A neurosis is a secret that you don't know you are keeping, :phones:

Buffy

Posted

Gosh folks, there has long been a classification into perpetual motion of the first and second species. Lemit, entropy is relevant only for converting thermal energy into orderly forms. Dissipation can be made very very low in some circumstances. This of course doesn't mean we've solved the world's energy problem...:phones:

Posted

1) Time is homogeneous.

2) Noether's theorems.

3) Mass-energy is locally conserved.

4) No perpetual motion machines of the First kind.

5) Entropy, Carnot cycle, law of large numbers.

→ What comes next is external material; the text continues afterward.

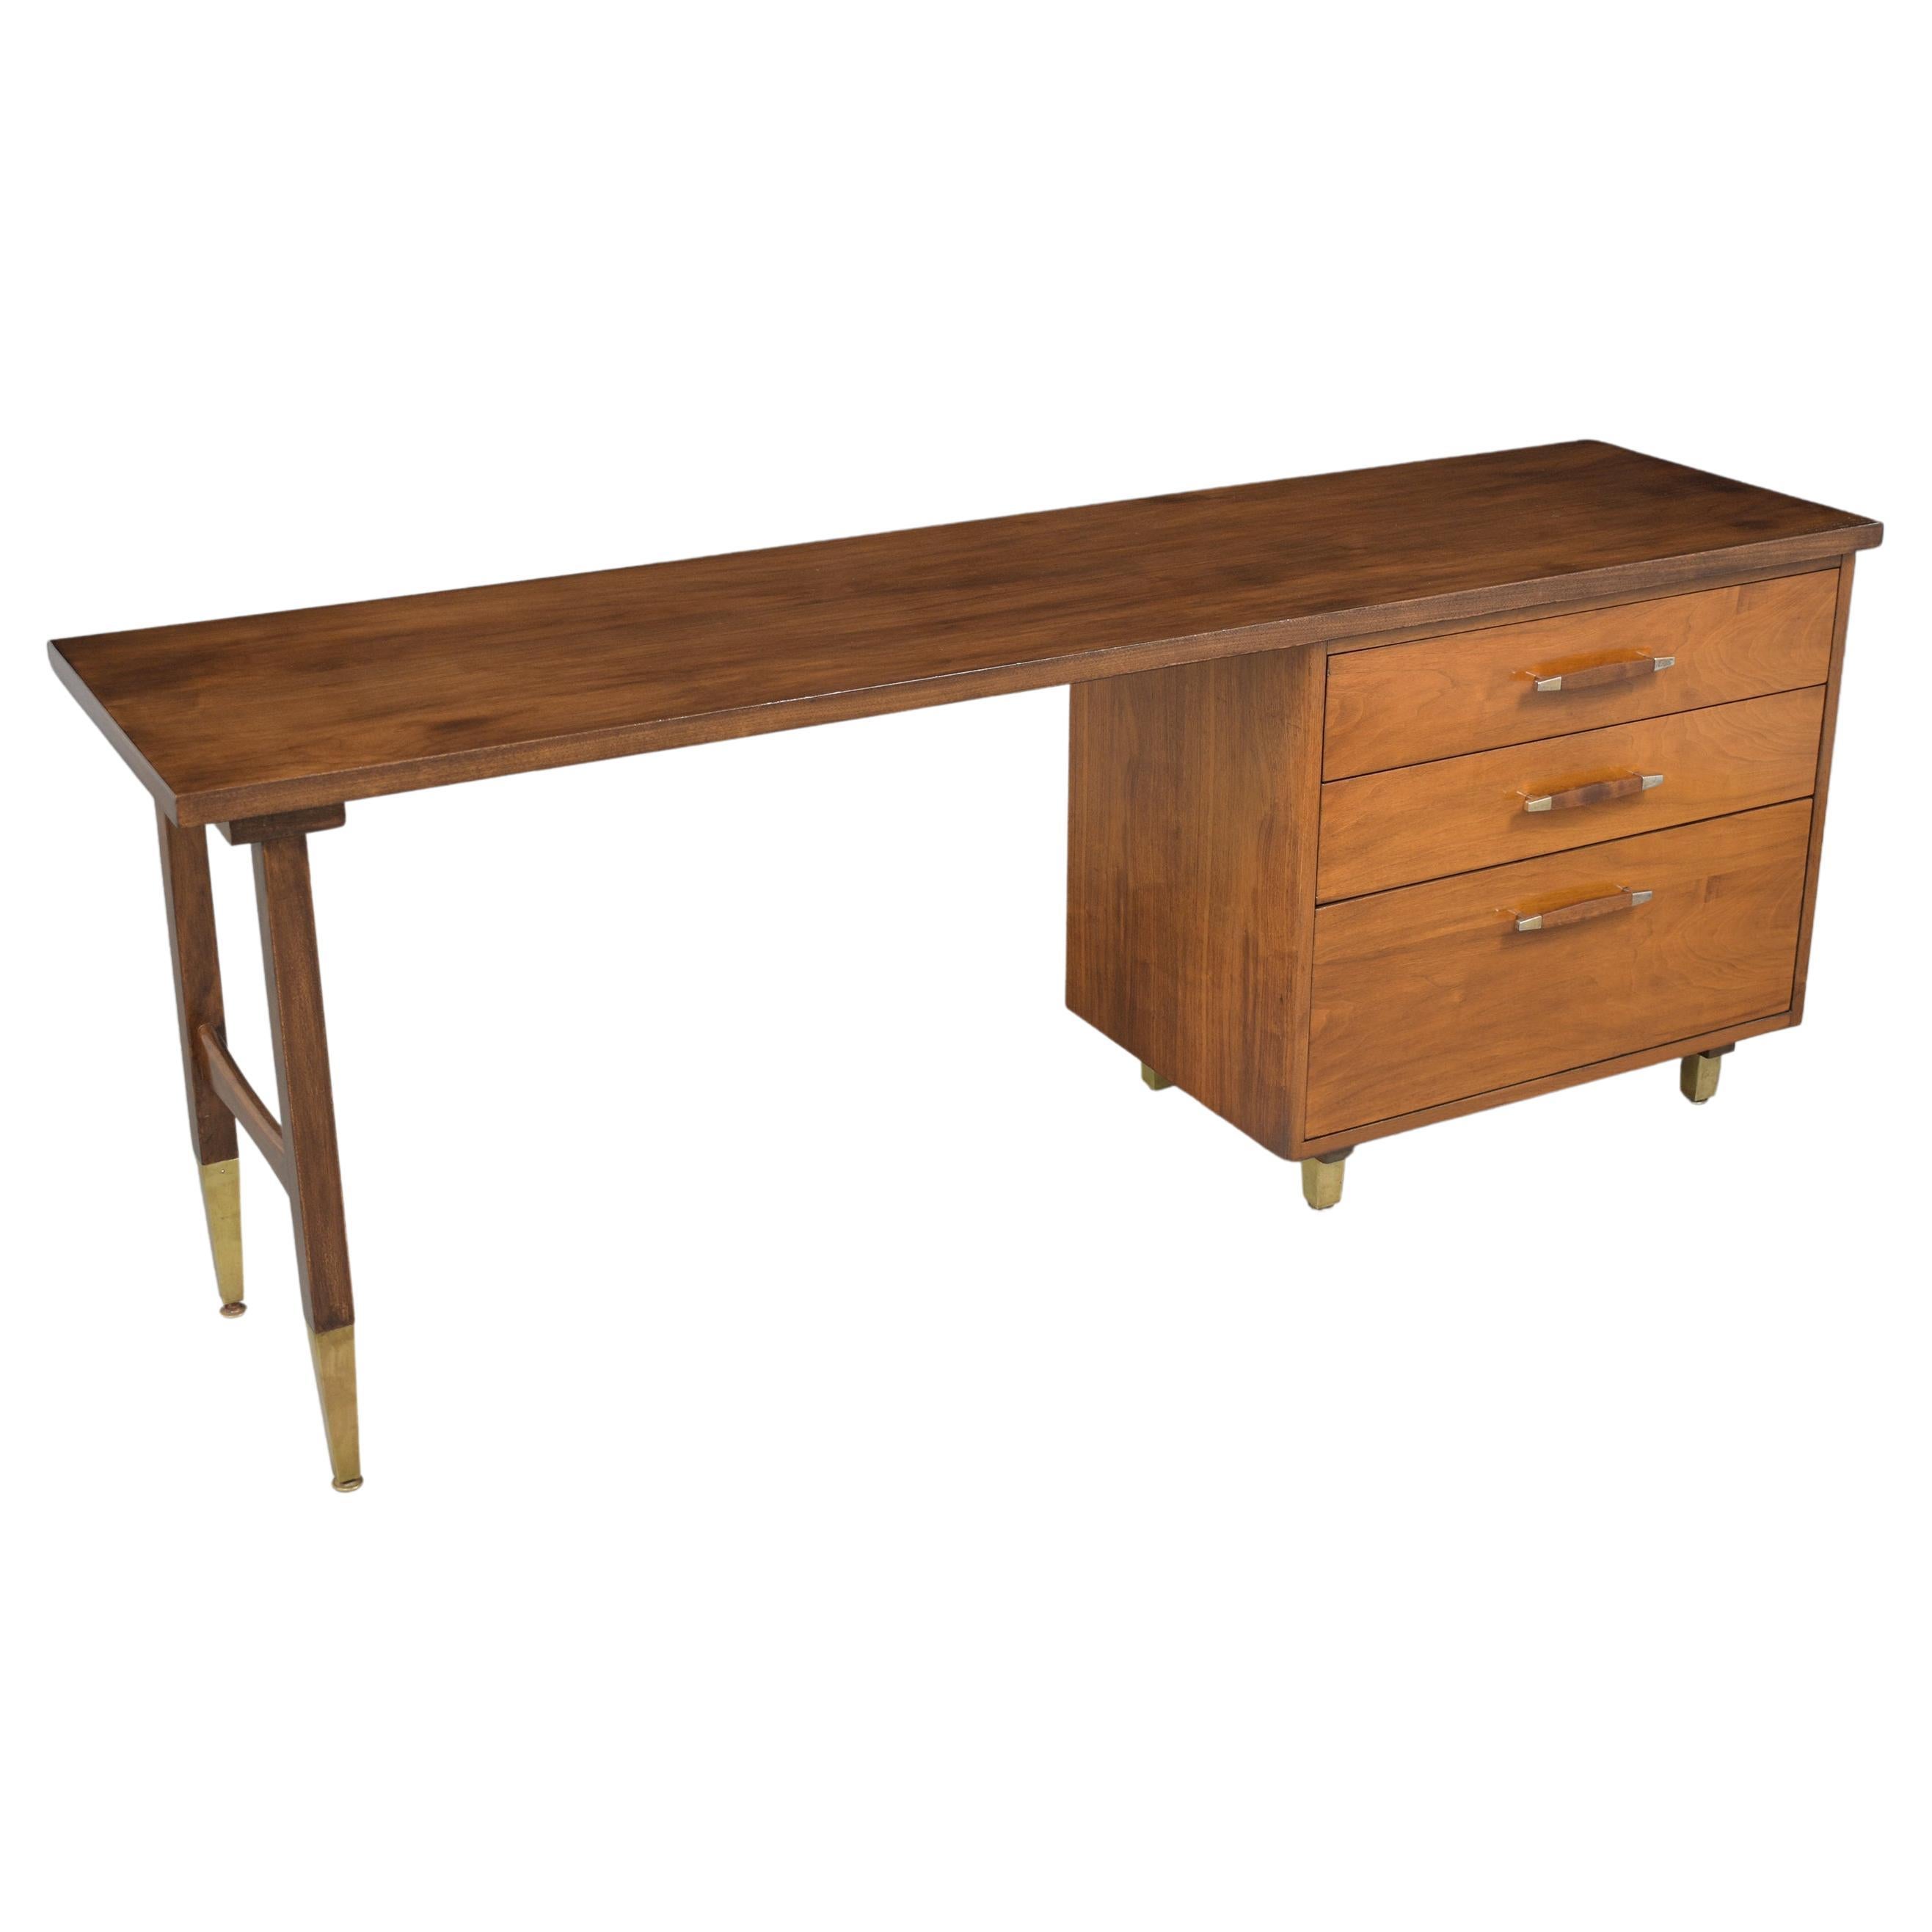 Erleben Sie die zeitlose Eleganz unseres Mid-Century Modern Executive Desk aus den 1960er Jahren, der meisterhaft aus ausgesuchtem Walnussholz gefertigt ist. Dieser Vintage-Schreibtisch, der von unseren engagierten Handwerkern in tadellosem Zustand

6) No perpetual motion machines of the Second kind.

 

Law of large numbers - Wikipedia, the free encyclopedia

The Museum of Unworkable Devices

No perpetual motion machines

 

The Three Laws of Thermodynamics: You cannot win. You can only break even on a very cold day. It never gets that cold.

 

--

Uncle Al

UNDER SATAN'S LEFT FOOT

Vote a 10 for doing the experiments!

Posted

They also stated that the world was flat once.

 

Hmm. I would question your interpretation of the laws.

 

Wikipedia States

"... Entropy is central to the second law of thermodynamics. According to this law, the entropy of an isolated system can only increase, while the entropy change of a system at temperature T absorbing an infitesimal amount of heat δq in a reversible way, is given by . The second law in conjunction with the fundamental thermodynamic relation places limits on a system's ability to do useful work.[3][4]

 

The second law can also be used to predict whether a physical process will proceed spontaneously. Spontaneous changes in isolated systems occur along with an increase in entropy.

 

The word "entropy" is derived from the Greek εντροπία "a turning toward" (εν- "in" + τροπή "a turning").[5] ..."

 

AS I STATED :

 

99.999999999999999999999999% efficent is close enough for me to be perpetual. I'll just add a battery to make up the difference every 100 years kick off a 9v charge for 1 second.

 

By MAN this is not possible; by GOD all things are possible.

 

"ENERGY CAN NEITHER BE CREATED NOR DESTROIED" and since we know this is a TRUE statement; you must analyze the dissipation of energy normally in the form of HEAT, and since this can be over come it is a matter of configuration.

Posted

Uncle Al

 

Please excuse my ignorance, I have to ask you;

 

Why do things seem to get cold when you put a vaccum over your hand?

What happens to water when you compress it?

Why do hot things seem to get colder when you put pressure on them?

Why does a magnet become affected in hot water? and Why does it work better in cold water?

 

I think the answers to these questions is startling similar and perhaps may help make a very cold day.